BEGIN Dataset content

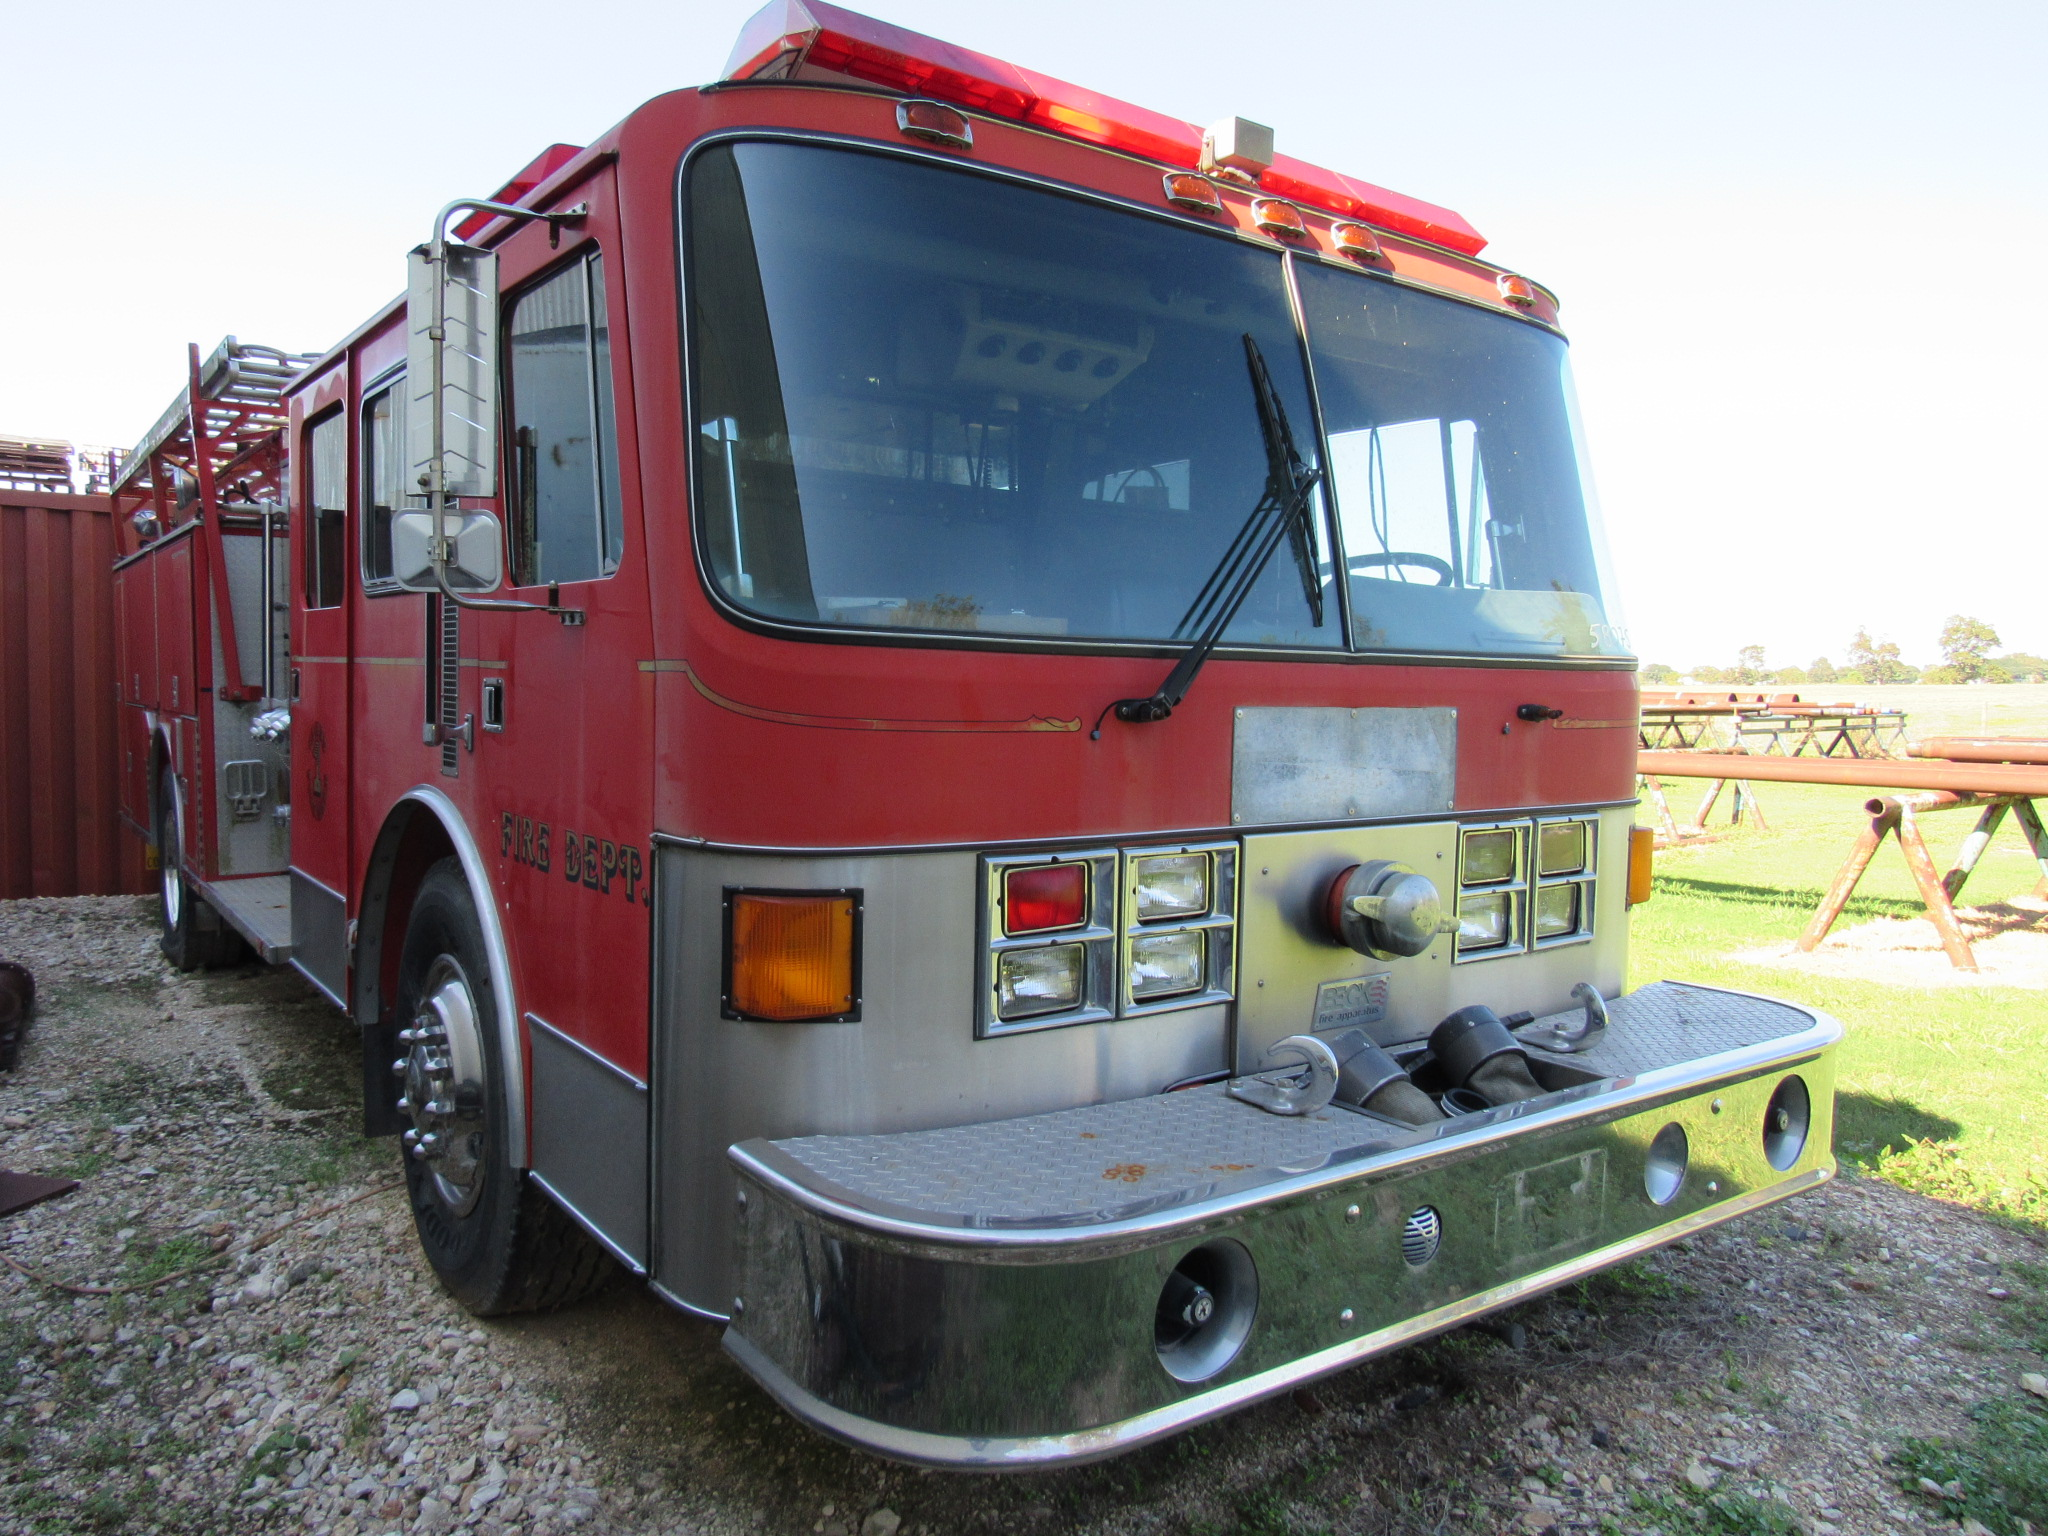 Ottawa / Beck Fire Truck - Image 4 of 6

END Dataset content
BEGIN Dataset content

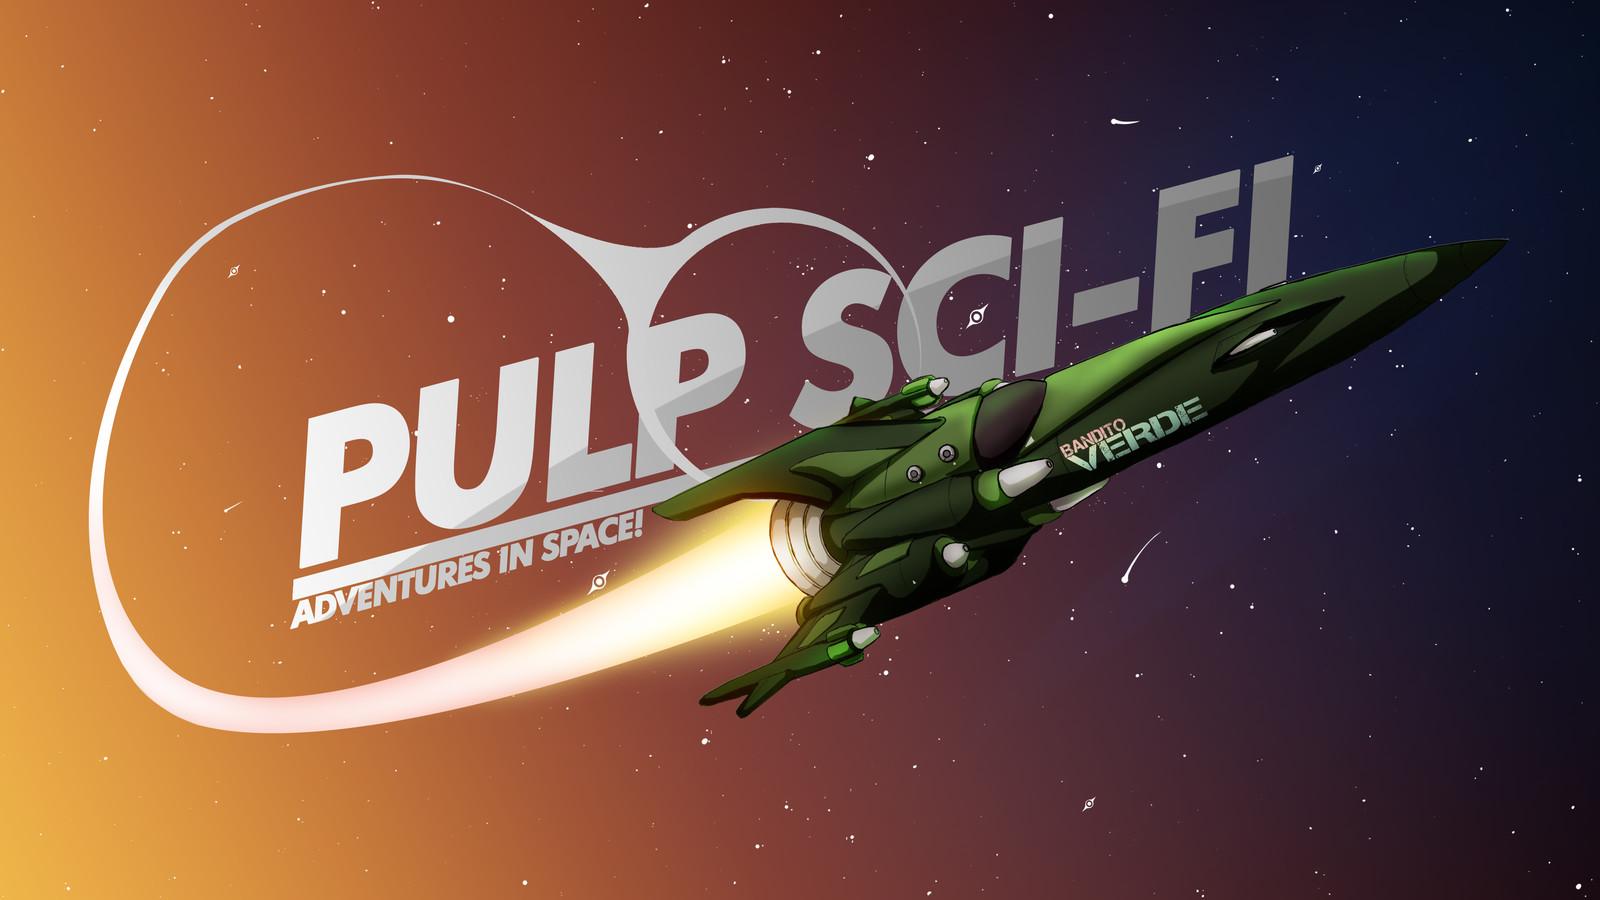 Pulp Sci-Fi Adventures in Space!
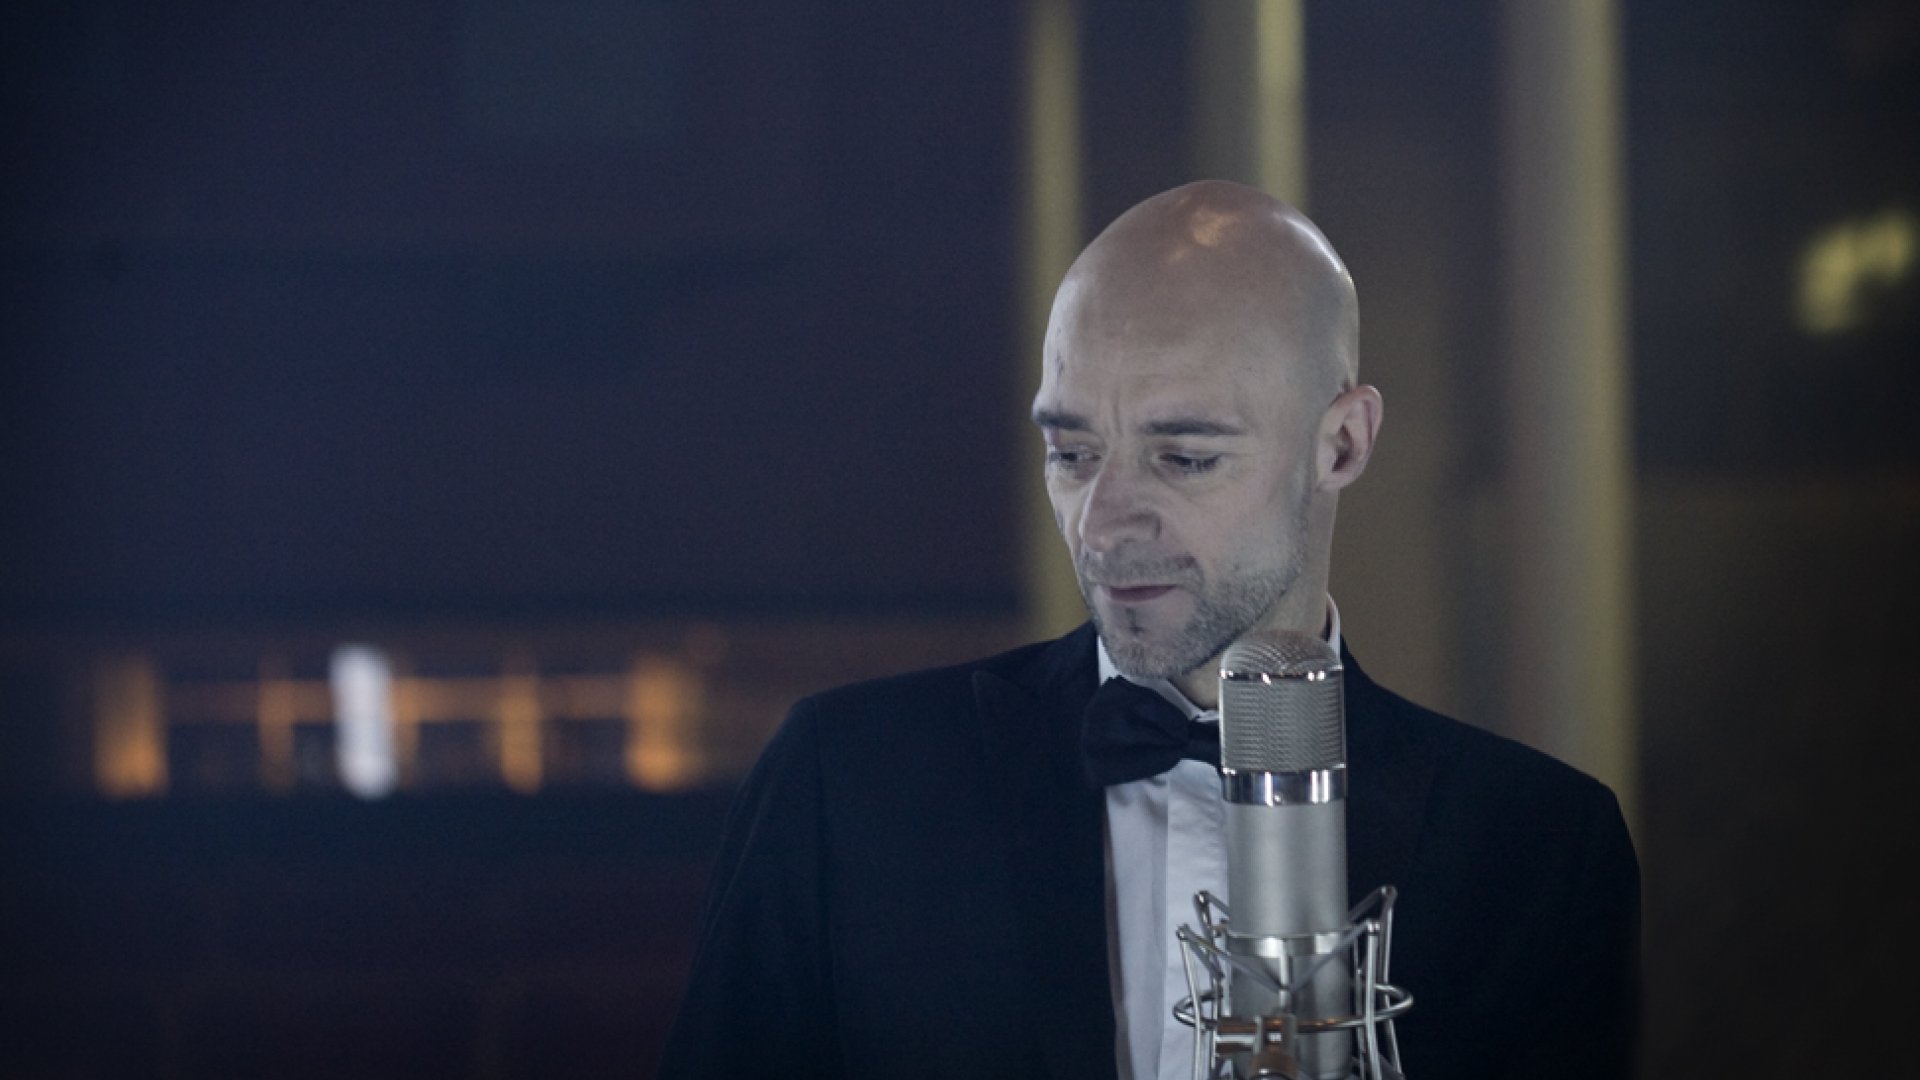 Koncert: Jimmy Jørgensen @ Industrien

END Dataset content

Directions for this task →
Given the entries above, transcribe exactly the lines from the one holding "Pulp Sci-Fi Adventures in Space!" through the one holding "Koncert: Jimmy Jørgensen @ Industrien"; pictures do not belong in the transcription.

Output →
 Pulp Sci-Fi Adventures in Space!
 Koncert: Jimmy Jørgensen @ Industrien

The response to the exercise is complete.